- Also known as: The Incredible Hagen
- Born: Hagen Friedrich Liebing 18 February 1961 Berlin, Germany
- Died: 25 September 2016 (aged 55) Berlin, Germany
- Genres: Punk rock
- Occupations: Musician, music journalist
- Instrument: Bass

= Hagen Liebing =

German musician (1961–2016)

Hagen Friedrich Liebing (18 February 1961 – 25 September 2016), nicknamed "The Incredible Hagen", was a German musician and journalist, best known as the bassist for the influential punk band Die Ärzte.

In 1986, drummer Bela B invited him to join Die Ärzte. The two knew each other from early Berlin punk days. The band disbanded in 1988. Liebing tried his hand at journalism shortly thereafter. He wrote several articles for Der Tagesspiegel, and was the senior music editor of Tip Berlin since the mid-1990s.

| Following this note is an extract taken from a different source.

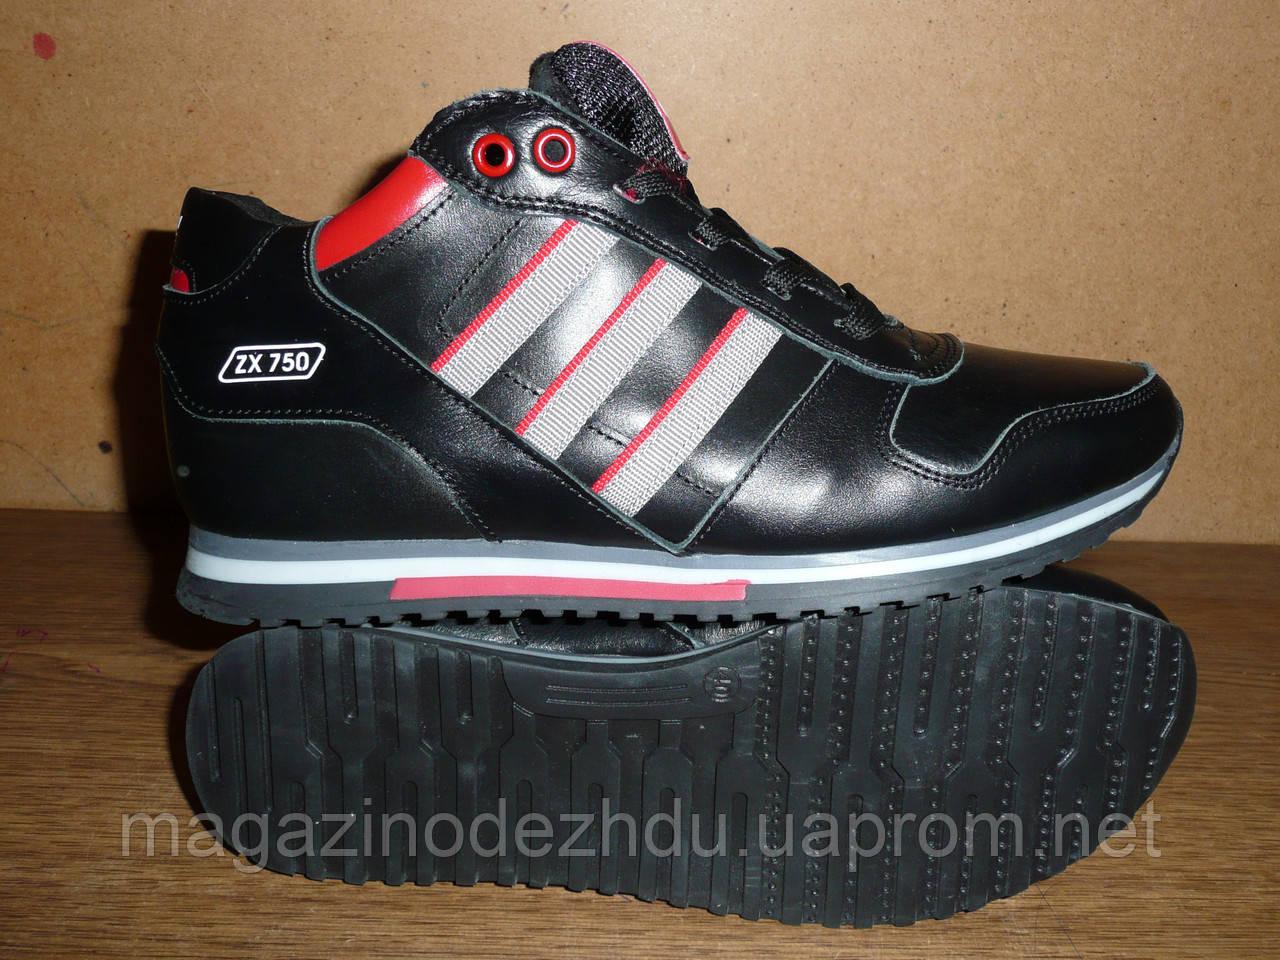 a65aae325e64 Мужские зимние ботинки Adidas ZX 750 - Интернет магазин

When Die Ärzte reunited in 1993, Liebing did not join them. However, he did join them on stage as a special guest in 2002. In 2003, he published his memoirs The Incredible Hagen – My Years with Die Ärzte. From 2003 to 2010, he headed the Press and Public Relations at the football club Tennis Borussia Berlin.

Liebing died in Berlin on 25 September 2016 from a brain tumor.